In the darkening room they looked at each other as they had never in all their lives looked before. They were equals in maturity of demand.
For a strange moment sheer fury struggled with subtler emotions in Madame von Marwitz's face, and then self-pity, overpowering, engulfing all else. "And is this the return you make me for my love?" she cried.
Her voice broke in desperate sobs and long-pent misery found relief. She sank into her chair.
"I asked for no reconciliation," said Karen. "I left him and we knew that we were parting forever. There is no love between us. Have you no understanding at all, and no thought of my pride?"
It was woman addressing woman. The child Karen was gone.
"Your pride?" Madame von Marwitz repeated in her sobs. "And what of mine? Was it not for you, stony-hearted girl? Is it not your happiness I seek? If I have been mistaken in my hopes for you, is that a reason for turning upon me like a serpent!"
Karen had walked to the long window that opened to the verandah and looked out, pressing her forehead to the pane. "You must forgive me if I was unkind. What you said burned me."

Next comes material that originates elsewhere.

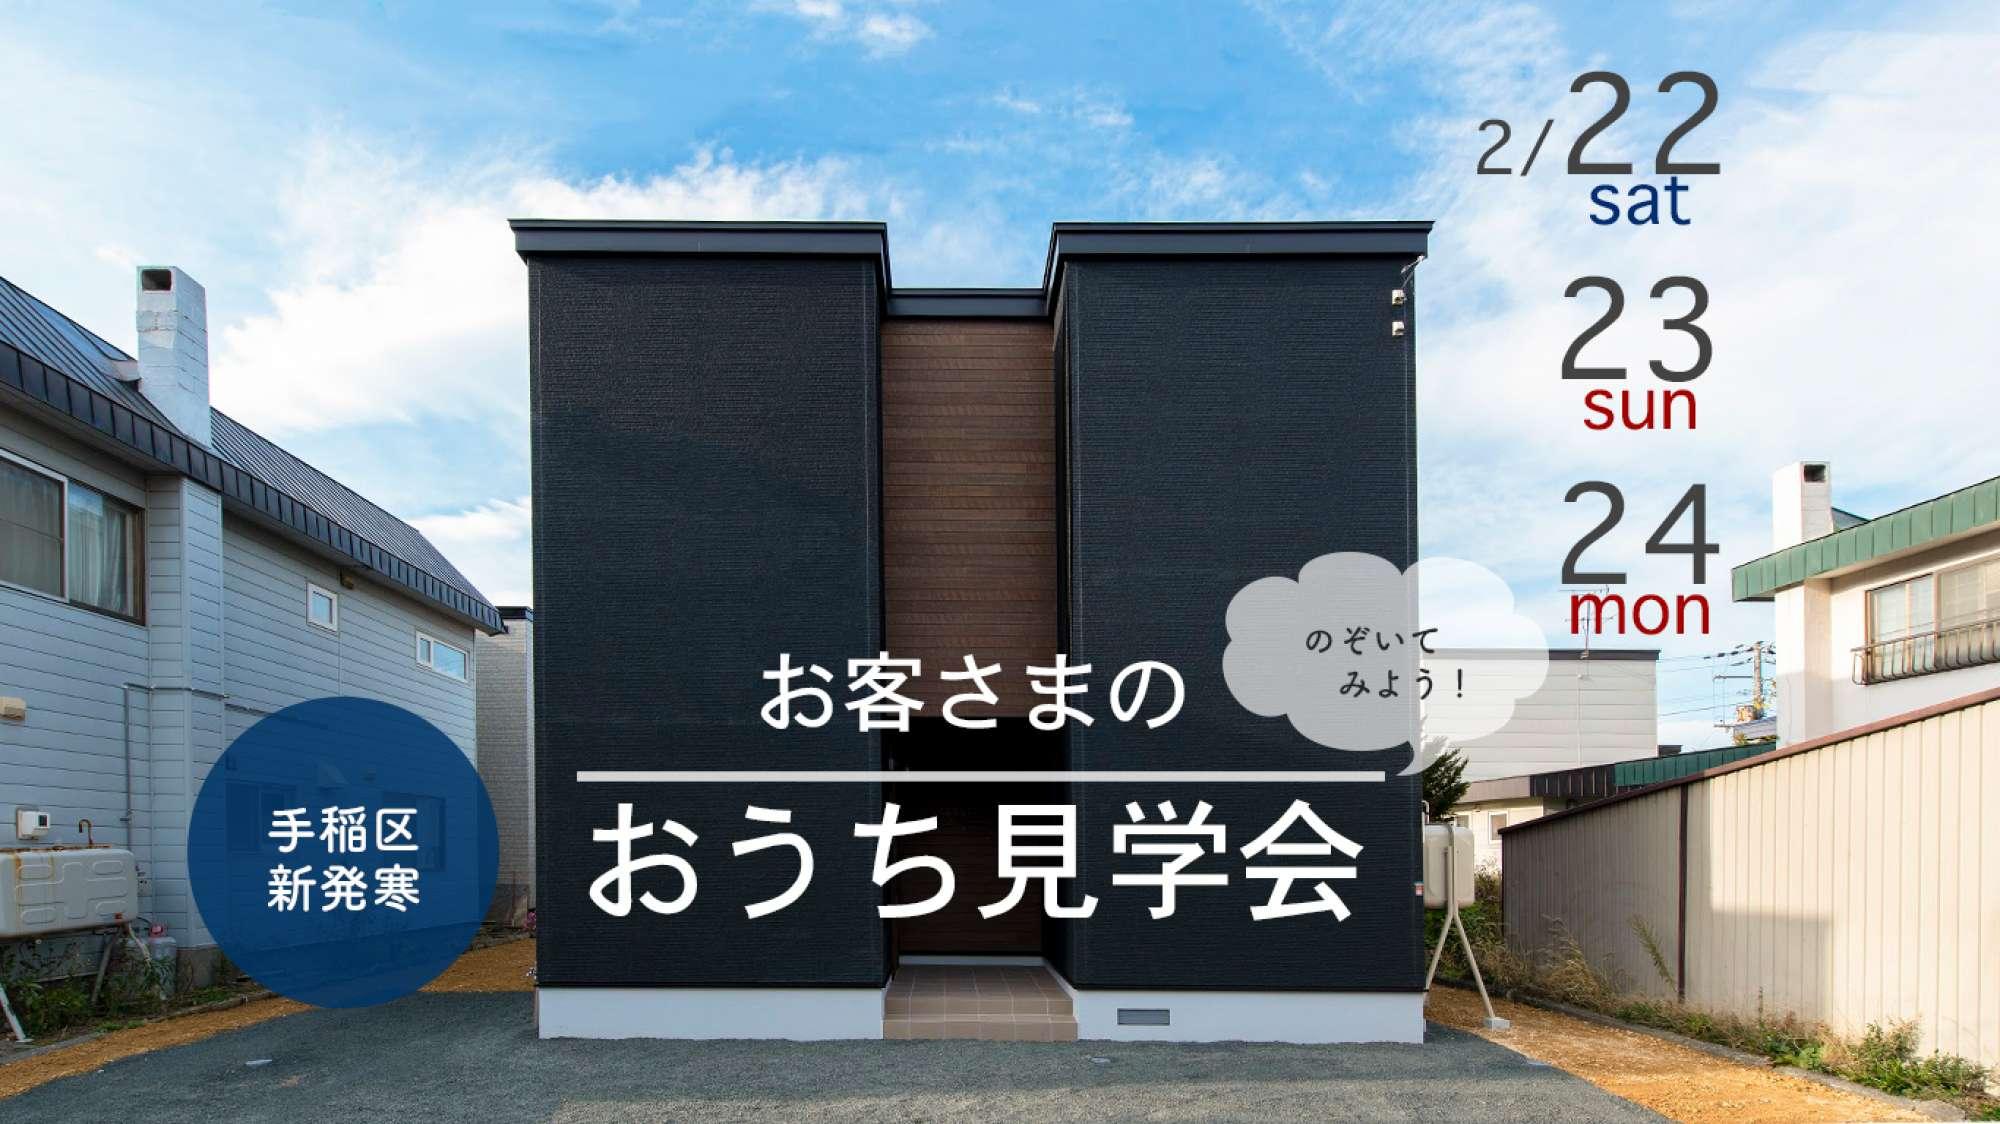 2/22(土)23(日)24(祝)開催 お客様のおうち見学会in手稲区新発寒 -

"Ah, it is well for you to speak of burnings!" Madame von Marwitz sobbed, aware that Karen's wrath was quelled. "I am scorched by all of you! by all of you!" she repeated incoherently. "All the burdens fall upon me and, in reward, I am spurned and spat upon by those I seek to serve!"
"I am sorry, Tante. It was what you said. That you should think it possible."
"Sorry! Sorry! It is easy to say that you are sorry when you have rolled me in the dust of your insults and your ingrat.i.tude!" Yet the sobs were quieter.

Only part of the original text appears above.